Ford changed lanes and slowed behind traffic. Marten hadn’t seen him since early fall, when he and Nadine had suddenly arrived in Manchester to surprise him and announce her pregnancy. Now, nearly five months later, approaching fatherhood seemed to have affected him little. He still wore the rumpled blue blazer over khaki trousers and horn-rimmed glasses, still looked at the world and his place in it with the same one-eyed fire and intensity he always had. Moreover, it seemed to make little difference where he was on the planet—California, Washington, D.C., Paris, each fit his soul like a slipper.
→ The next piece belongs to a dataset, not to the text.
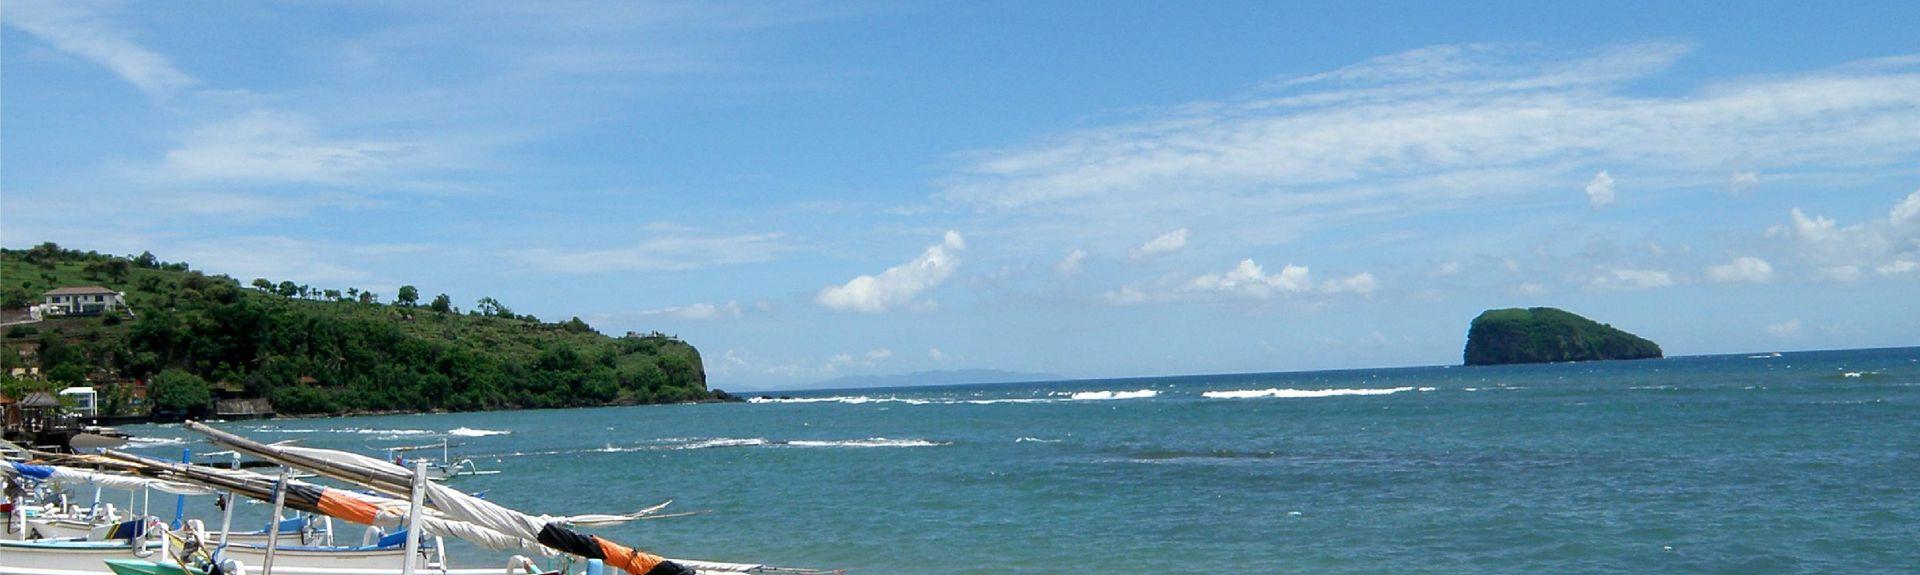 Amed, Amed, Purwakerti, Abang, Karangasem, Karangasem, Bali, Indonesien

“LAPD know about Neuss?” Marten asked.
Ford nodded. “Guys from Robbery-Homicide talked to his wife and to the detectives at London Metropolitan Police who interviewed him there before. And then to Lenard, here in
Paris.”
“Robbery-Homicide, you mean VerMeer?”
Ford looked at him. “I don’t know if it was VerMeer.”
“What happened?”
“Neuss’s wife said she had no idea who it could have been or if it might have had to do with what happened before. Her feeling was that it was just a robbery gone bad. All London Metro had was the transcript of the conversation they’d had with Neuss last year, and the same story he told all along, and that his wife corroborated—that he had gone to London on business and that he had no idea who Raymond was or why he’d been in his shop or his apartment and that the only way his name was in the phone book of the brothers Raymond killed in Chicago was because they were tailors he used one time when he was there and had them bill his store in Beverly Hills.”
“Those guys were Russian. Anybody get hold of the Russian investigators who came to L.A. after Raymond died? With Neuss murdered they might have some new take on the whole thing.”
“I don’t know. If they have, neither Lenard nor his men have said anything about it.”
Dan Ford slowed the Citroën as they crossed the Porte de la Chappelle interchange and came into the north of Paris. “You want to go to the park, see where they found Neuss’s body?”
“Yes,” Marten said.
“What do you think you’re going to find that the Paris police haven’t?”
“I don’t know, except the Paris police weren’t at MacArthur Park when we found Josef Speer.”
“That’s just the point.” Ford turned to look at Marten directly. “I called you about Neuss because I knew once you learned who it was and how he’d been found, you’d come running anyway.” Abruptly Ford downshifted, turned right, and accelerated once more.